● **Problem statement**
Word for word, please restate the line that contains "LADY Zapato destalonado" and all lines after it through the end of the material, minus the pictures.

● **Exercise data**
▼

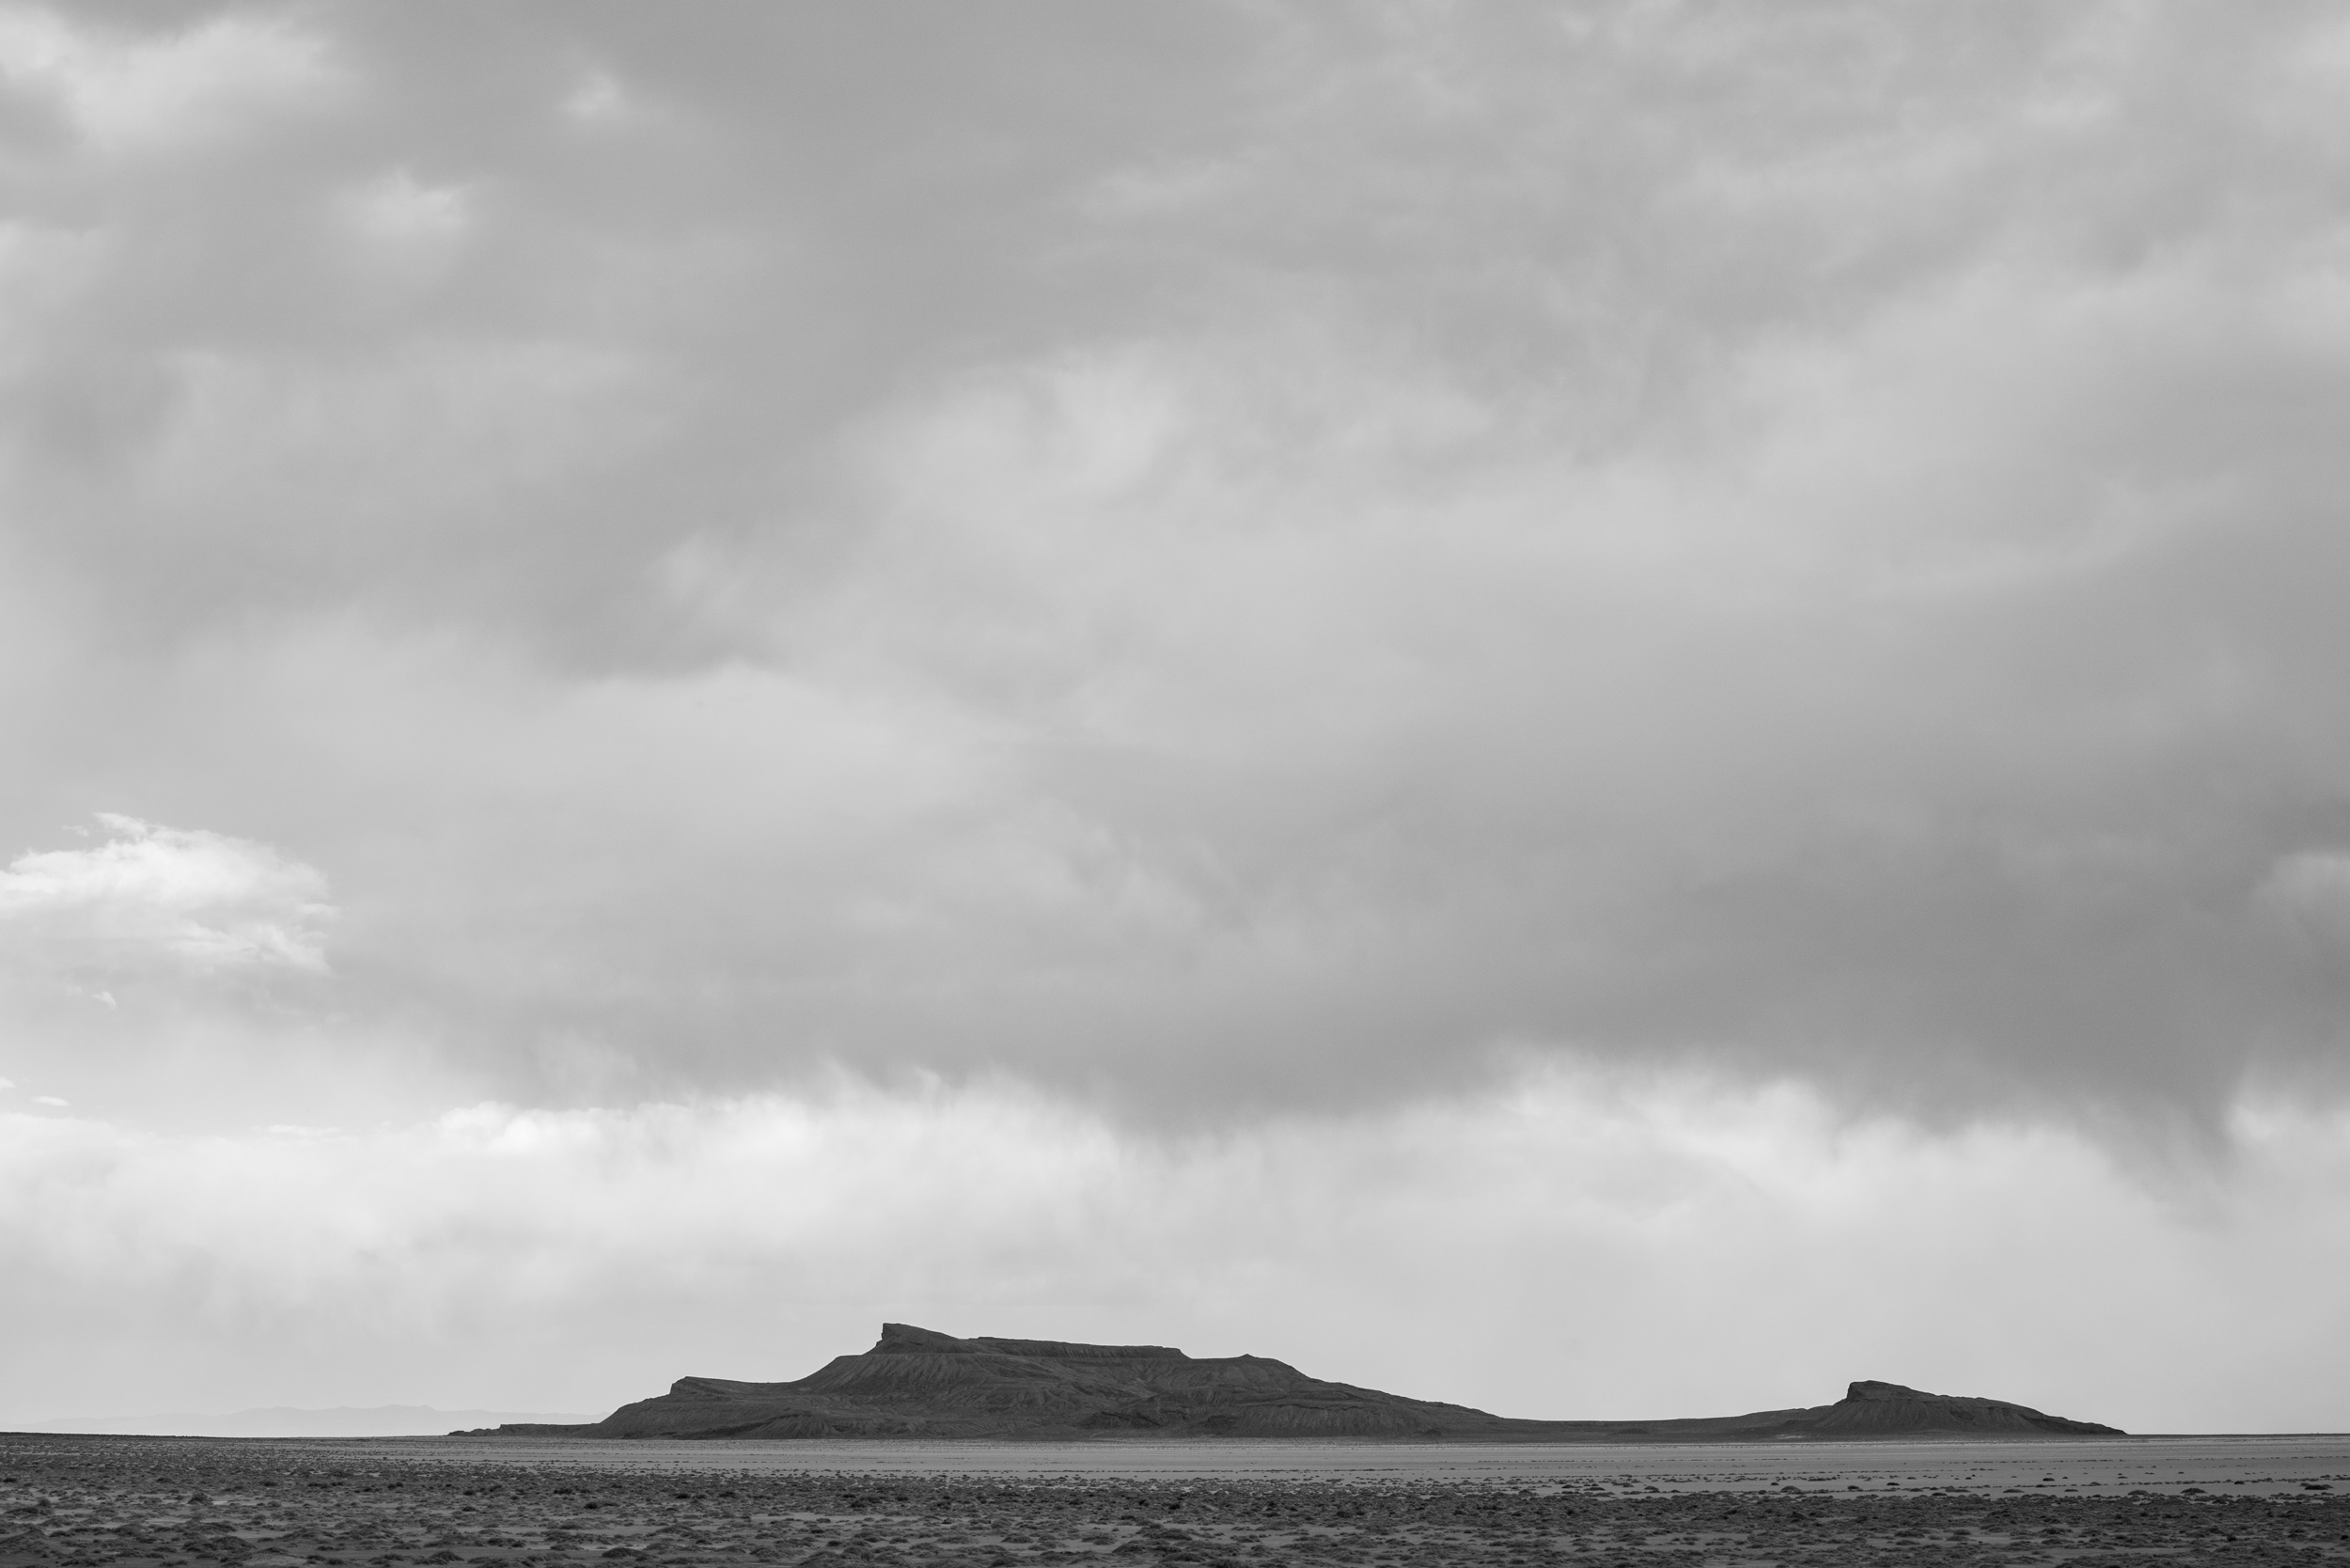 Floating Island near Silver Island Range, Utah. As ice-age Lake Bonneville dried up it left shoreline erosion markings, terraces, on the landscape in the Great Basin.
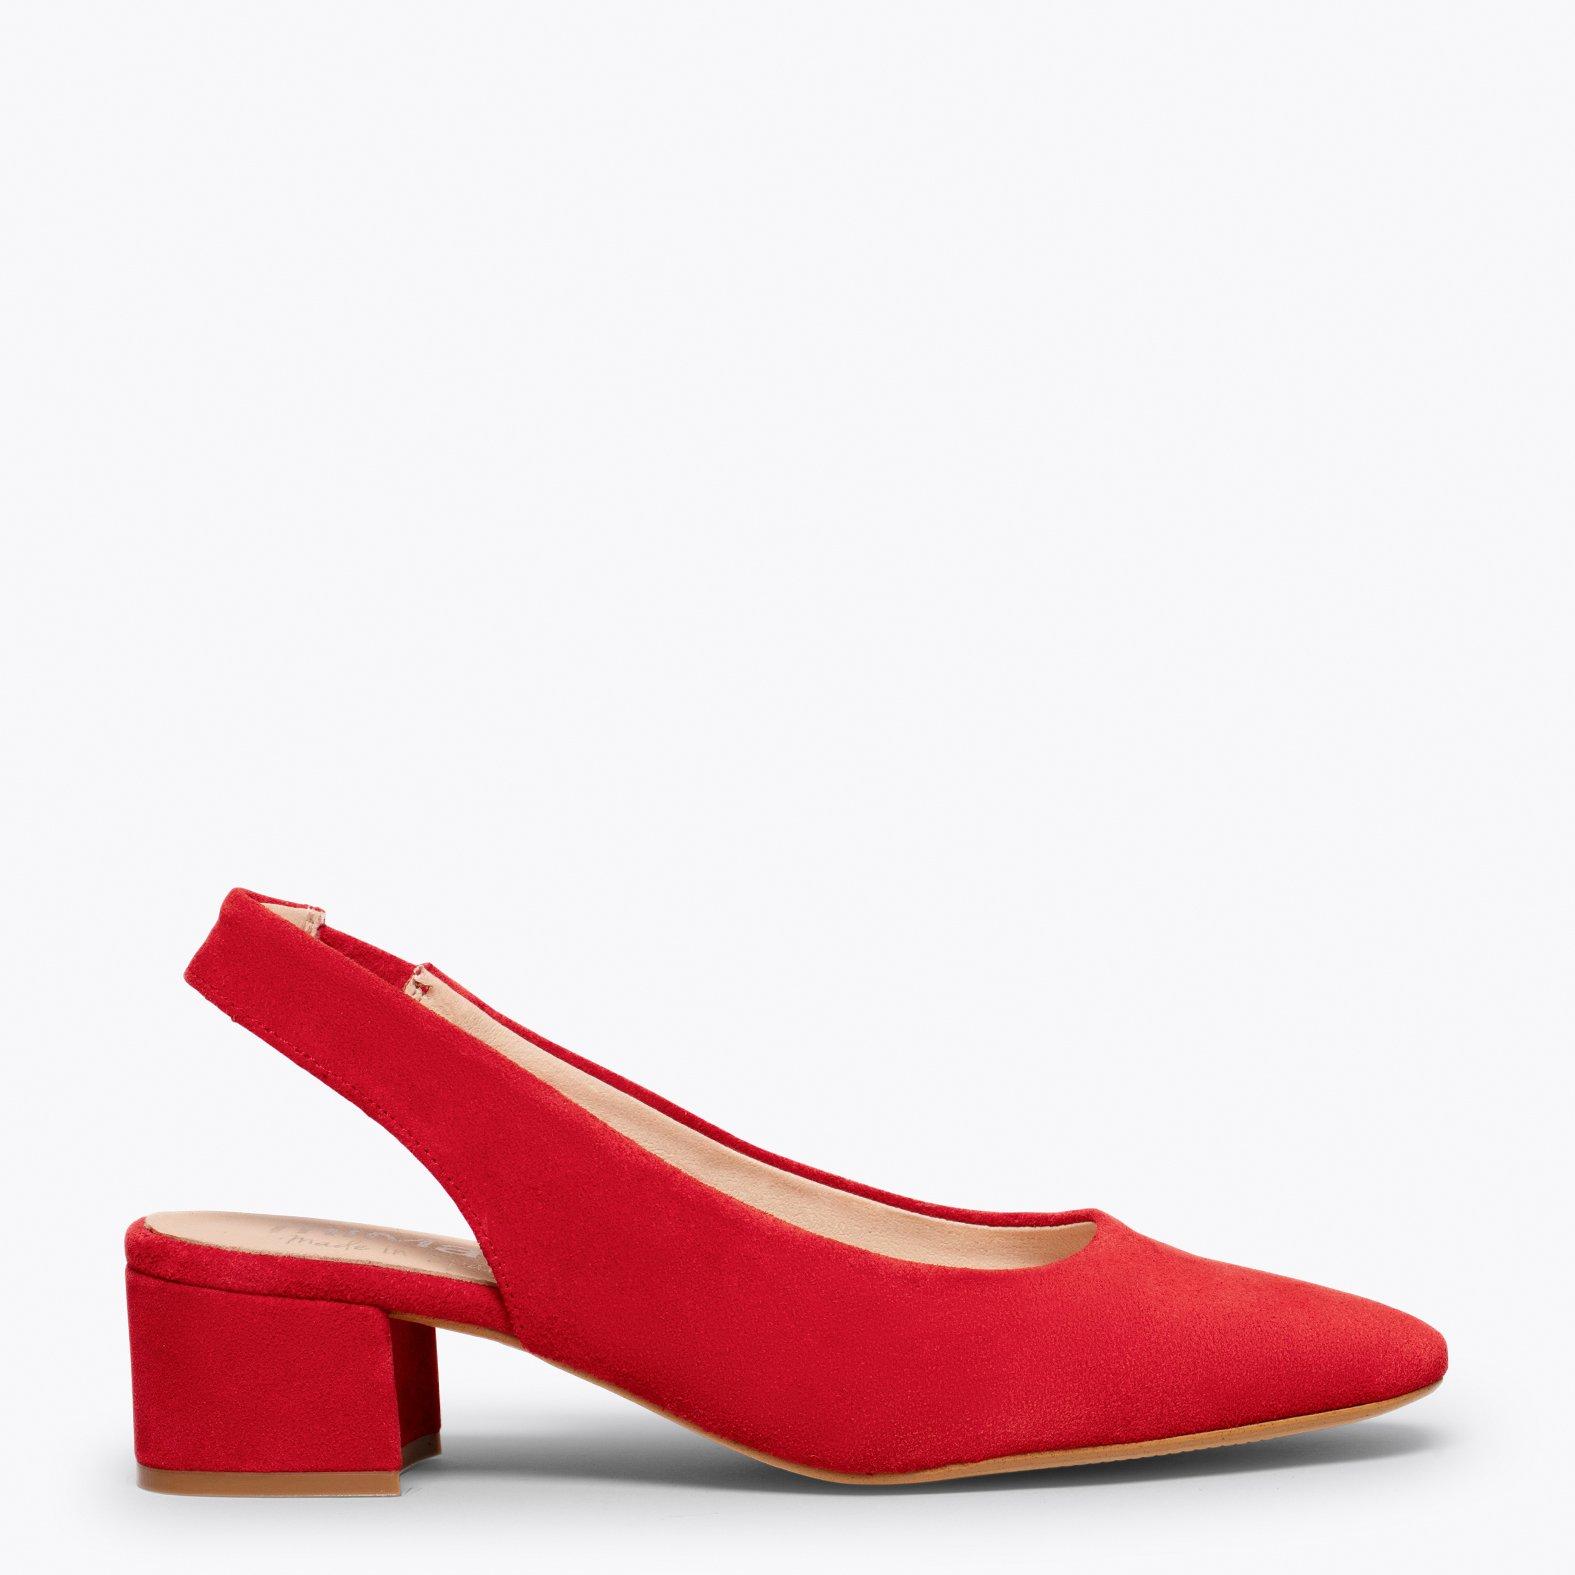 LADY Zapato destalonado con puntera cuadrada ROJO
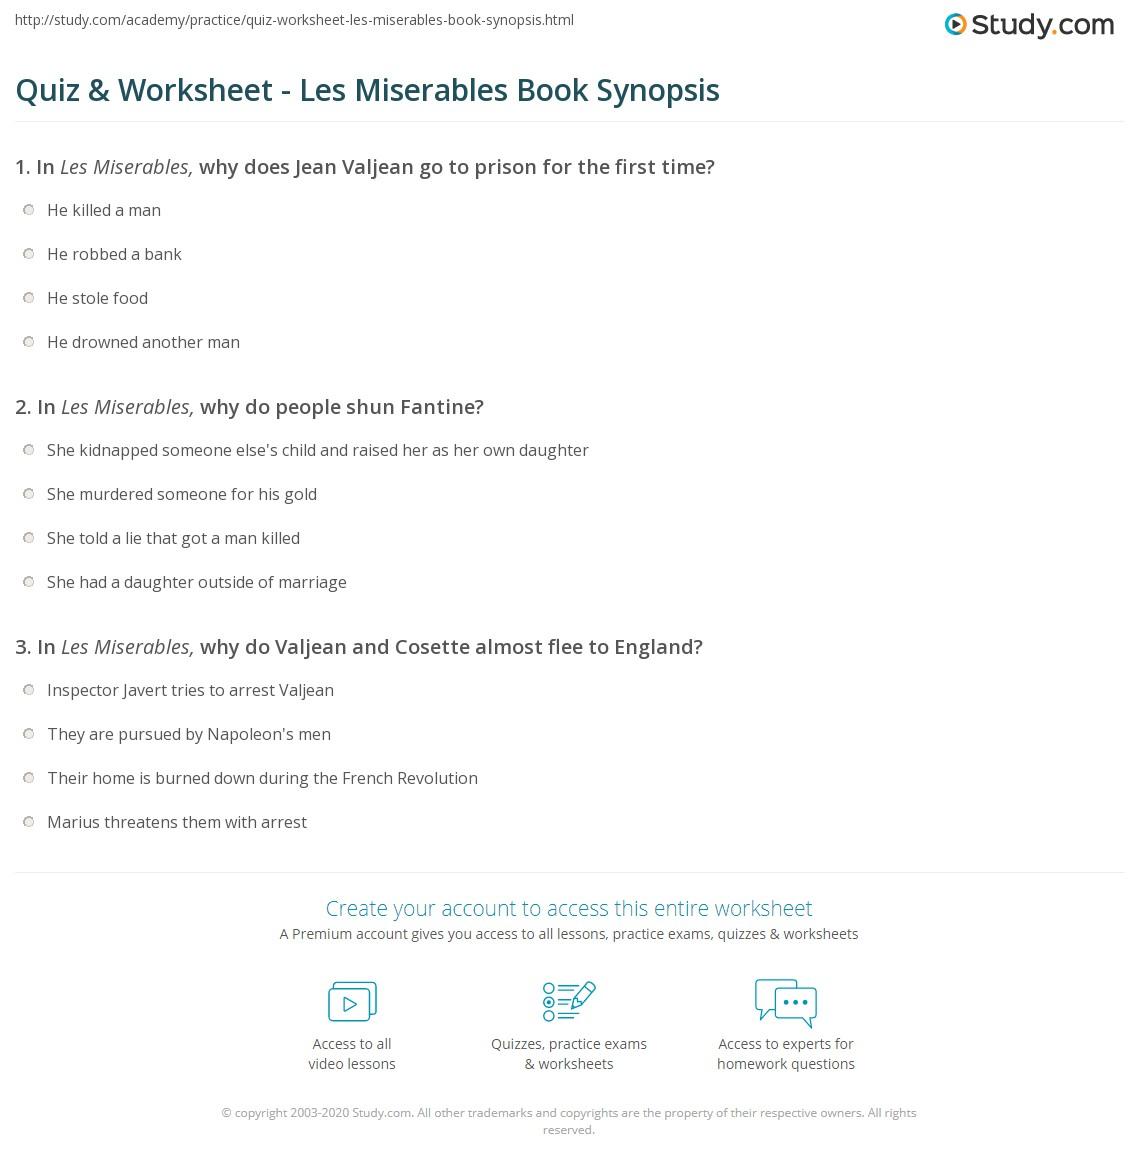 worksheet Les Miserables Worksheet quiz worksheet les miserables book synopsis study com print summary worksheet

▲

● **Answer to this task**
 LADY Zapato destalonado con puntera cuadrada ROJO
 worksheet Les Miserables Worksheet quiz worksheet les miserables book synopsis study com print summary worksheet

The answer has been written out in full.